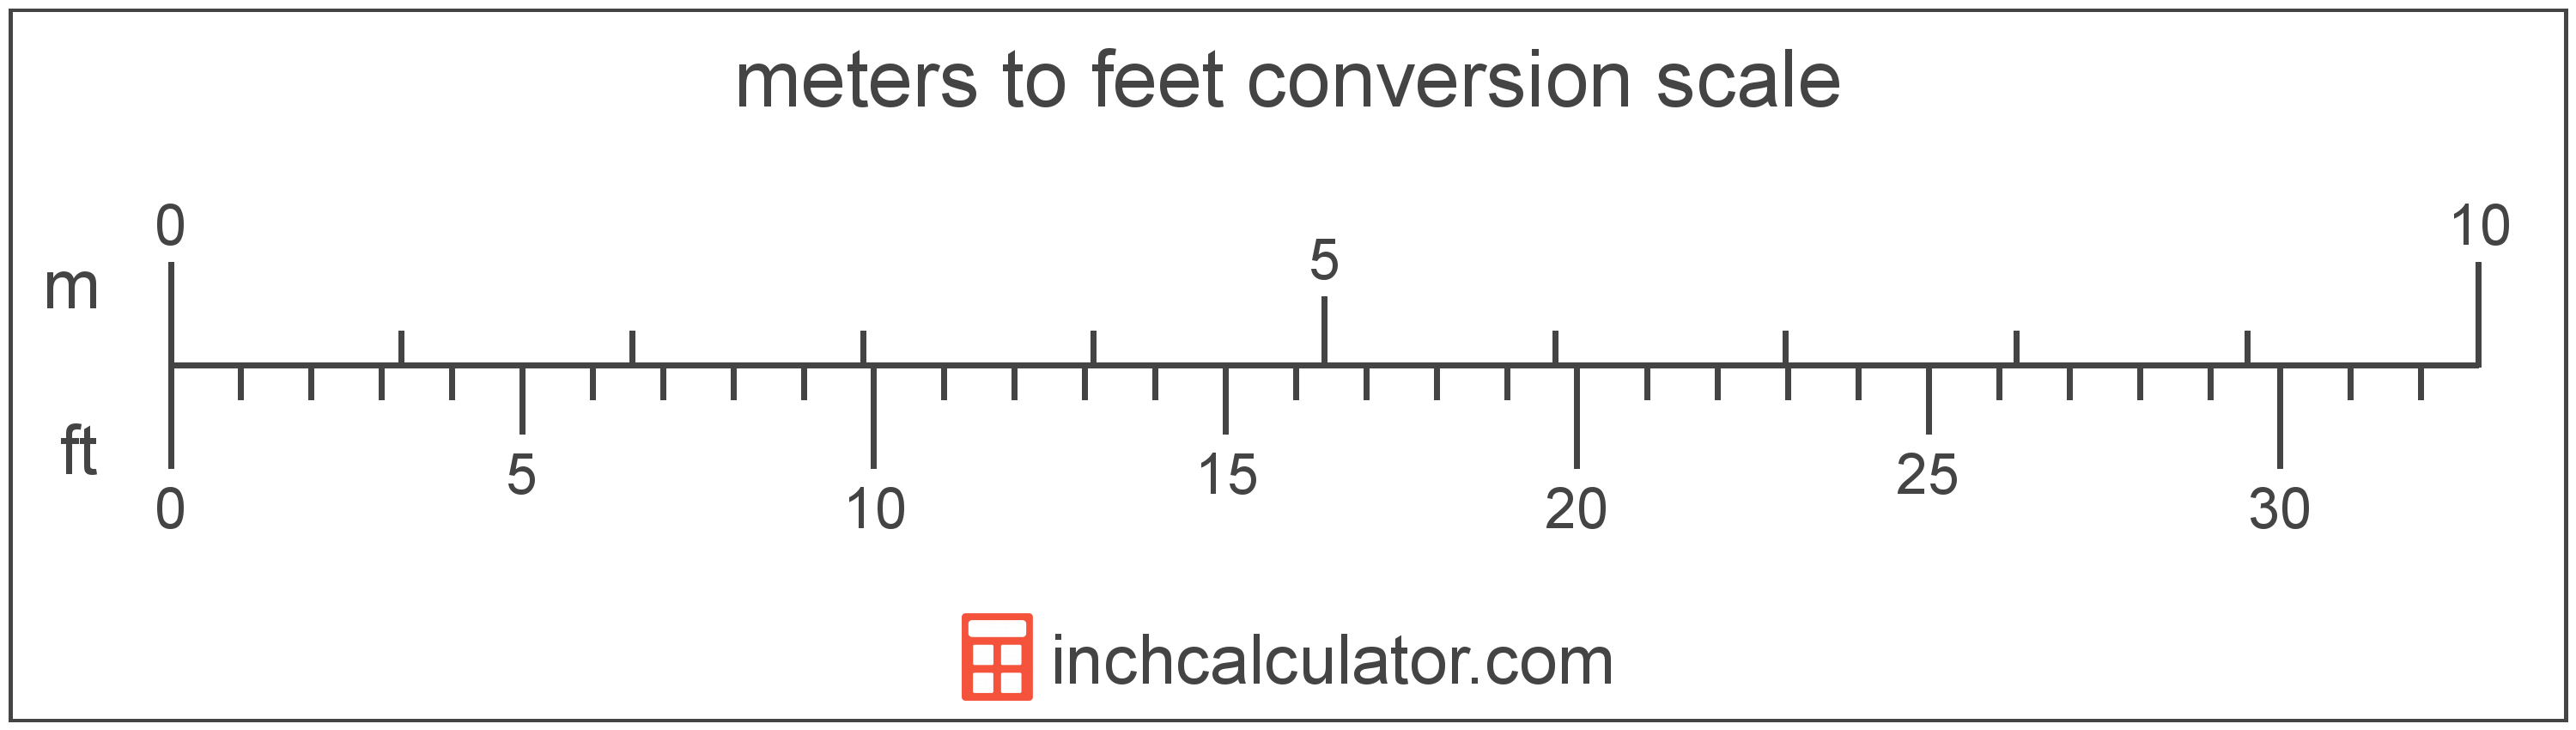 Meter To Foot Conversion Scale 
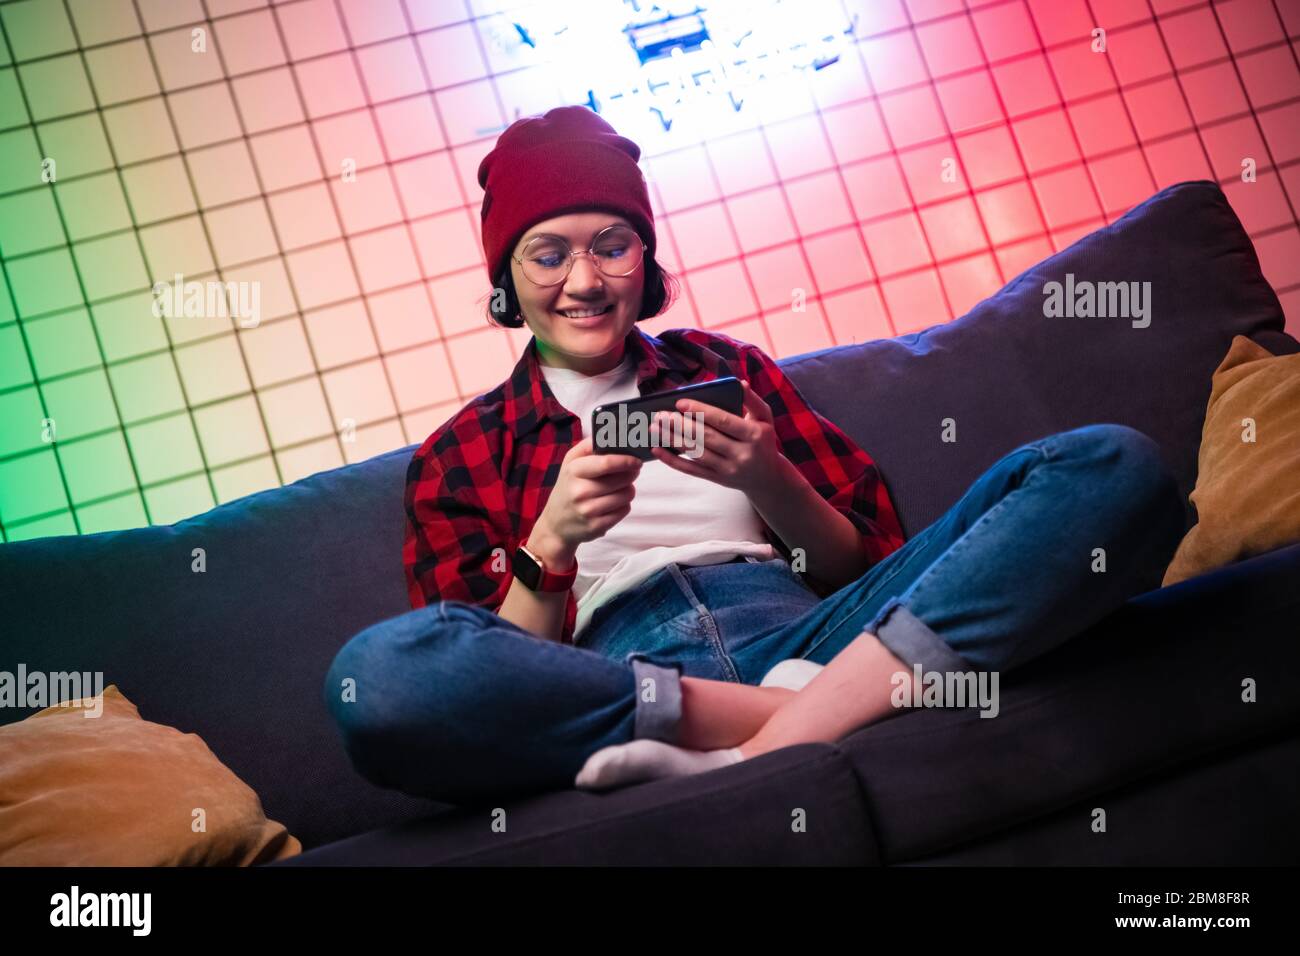 Teenager girl holding a smartphone while playing online shooting gaming. Thumbs up gesture. Stock Photo
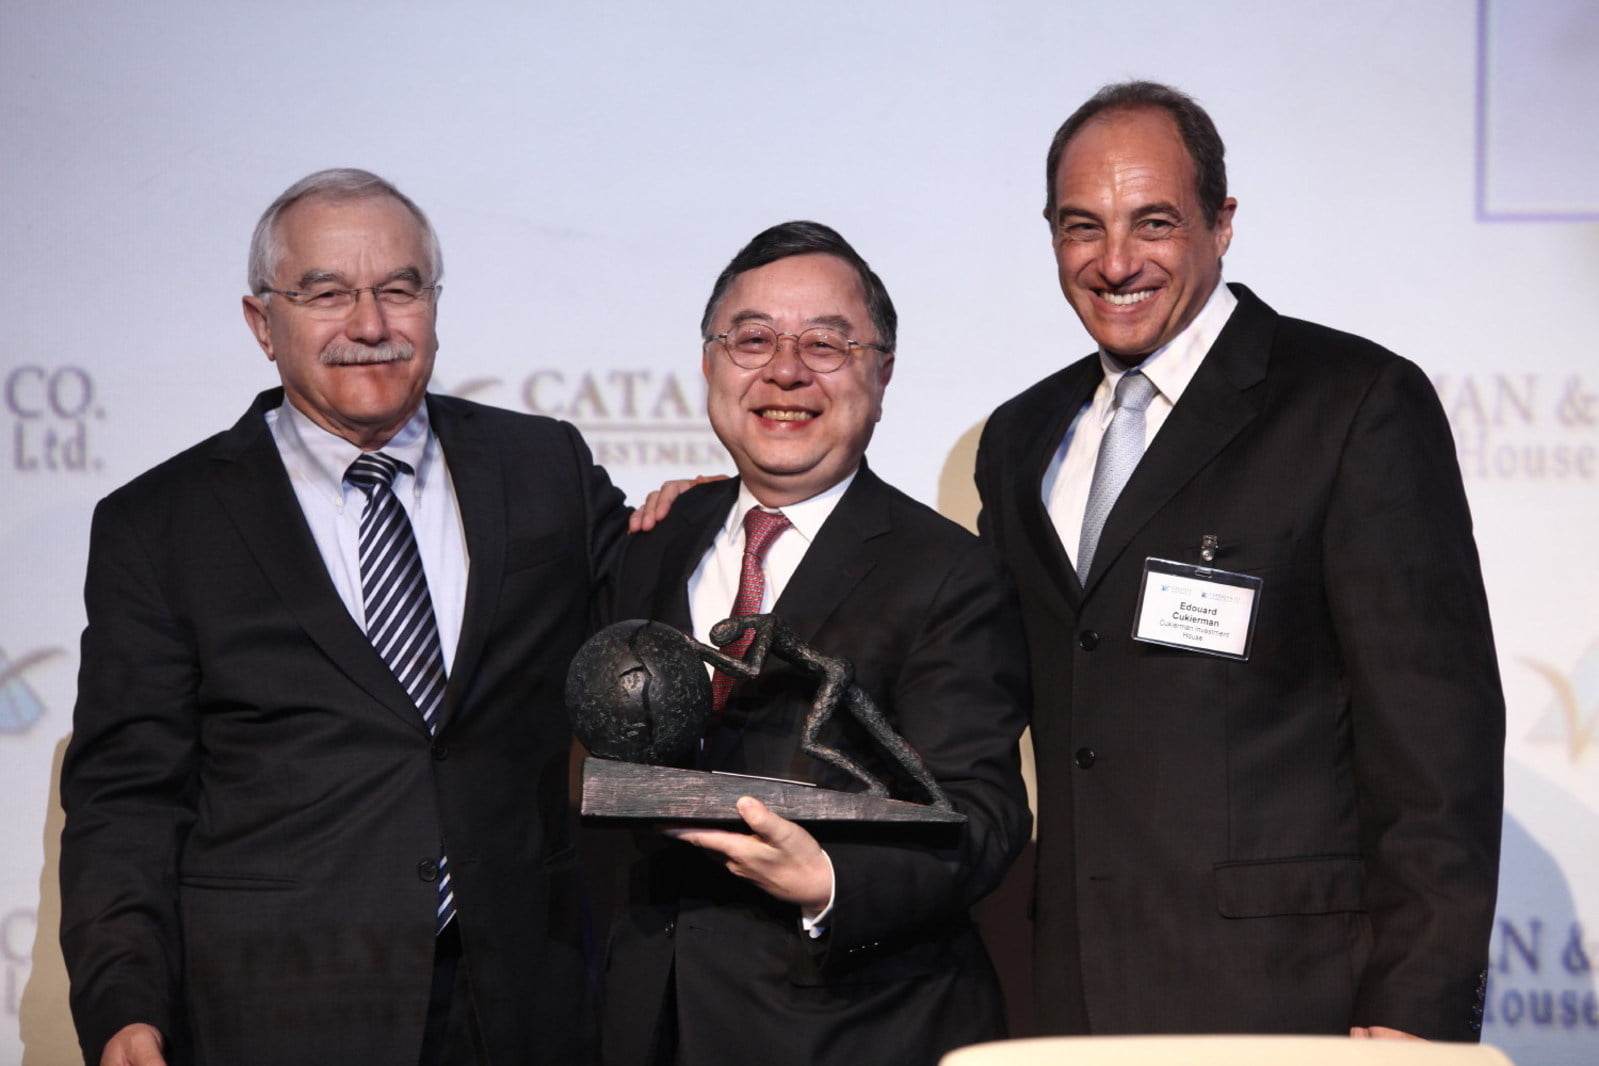 Left to Right: Yair Shamir (Managing Partner, Catalyst CEL Fund), Ronnie Chan (Chairman, Hang Lung Properties), and Edouard Cukierman (Chairman, Cukierman &amp; Co). Courtesy
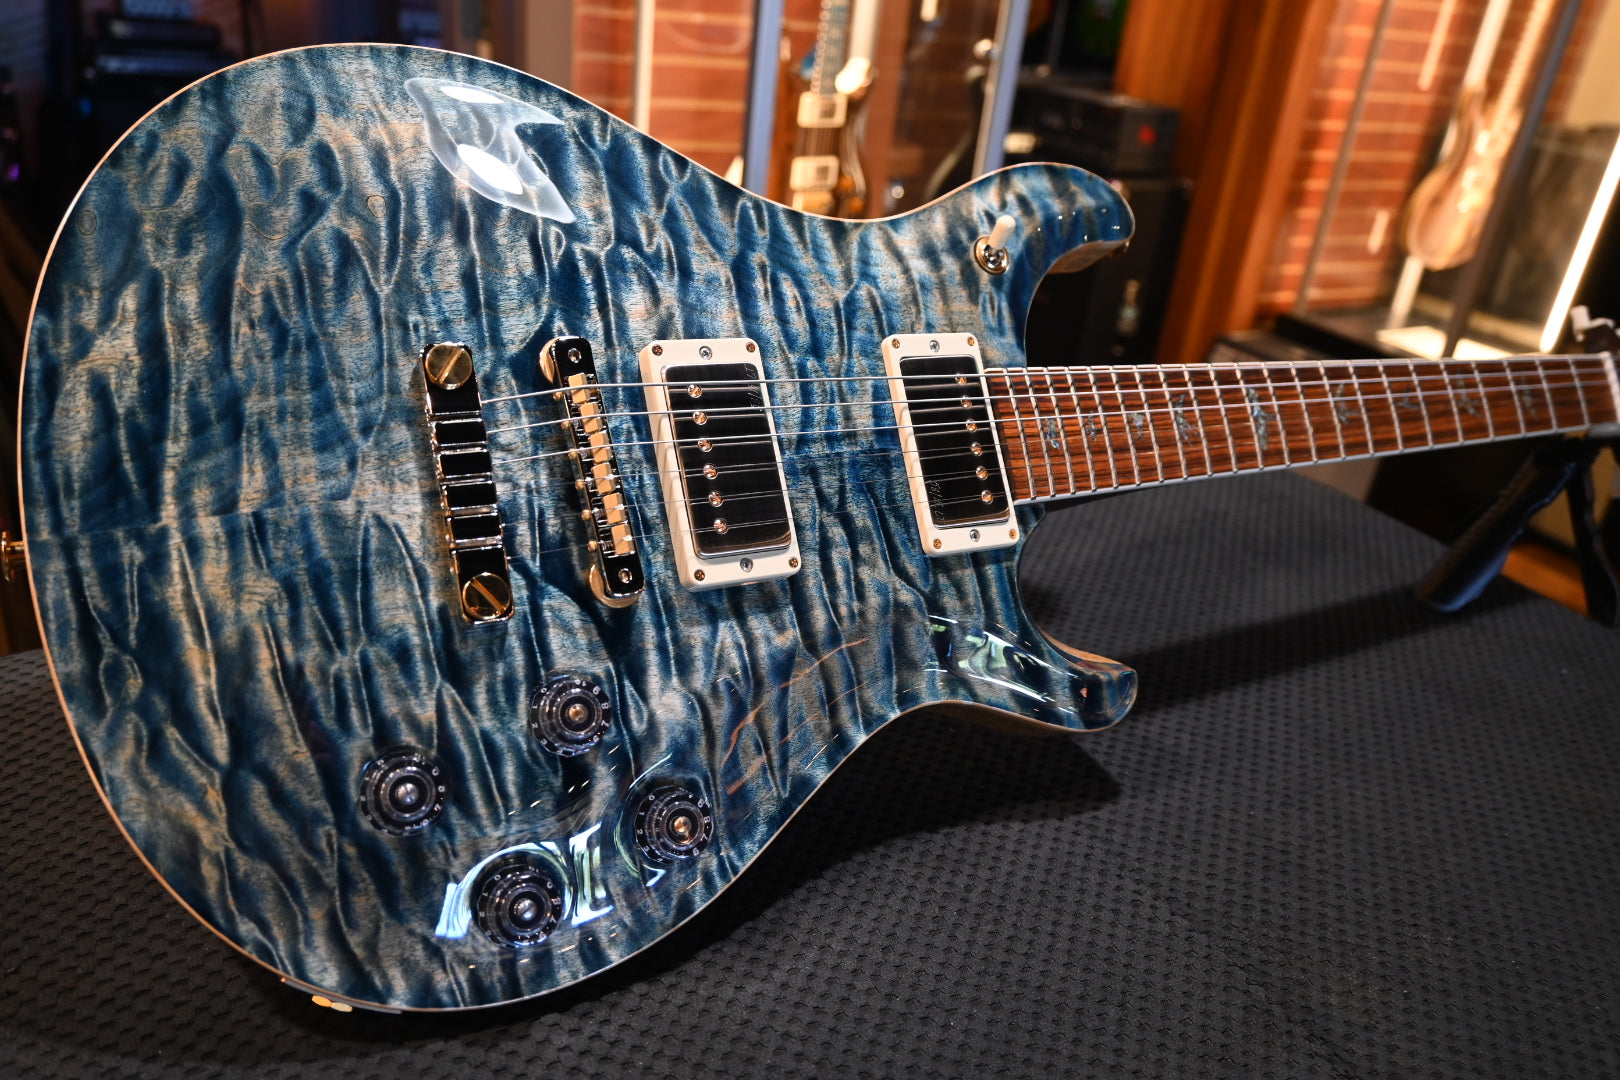 PRS Wood Library McCarty 594 10-Top Quilt Rosewood Neck - Faded Whale Blue Natural Back Guitar #8978 - Danville Music
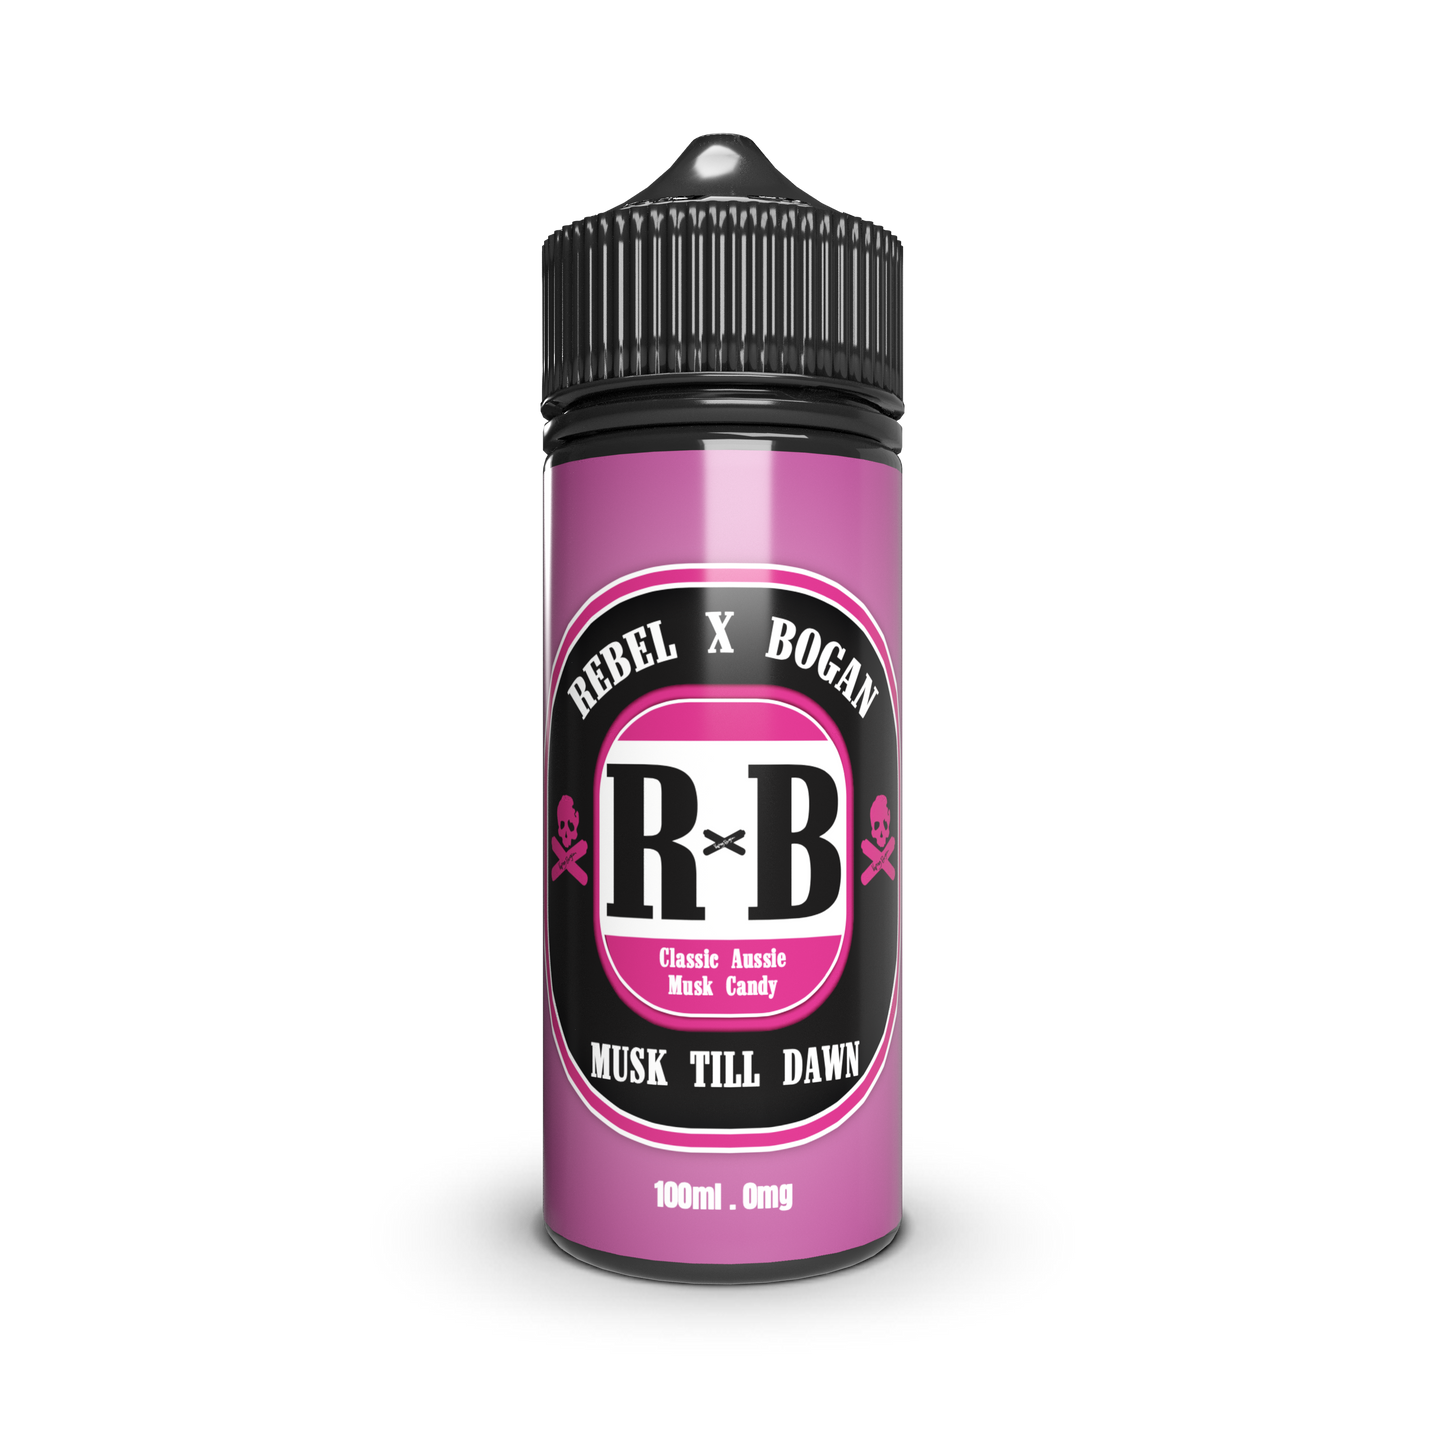 Buy Musk Till Dawn By Rebel and Bogan - Wick and Wire Co Melbourne Vape Shop, Victoria Australia

------------------------------------------------------------

Repeat the data exactly. Pictures should not appear.

 Meter To Foot Conversion Scale 
 Teenager girl holding a smartphone while playing online shooting gaming. Thumbs up gesture. Stock Photo
 Left to Right: Yair Shamir (Managing Partner, Catalyst CEL Fund), Ronnie Chan (Chairman, Hang Lung Properties), and Edouard Cukierman (Chairman, Cukierman &amp; Co). Courtesy
 PRS Wood Library McCarty 594 10-Top Quilt Rosewood Neck - Faded Whale Blue Natural Back Guitar #8978 - Danville Music
 Buy Musk Till Dawn By Rebel and Bogan - Wick and Wire Co Melbourne Vape Shop, Victoria Australia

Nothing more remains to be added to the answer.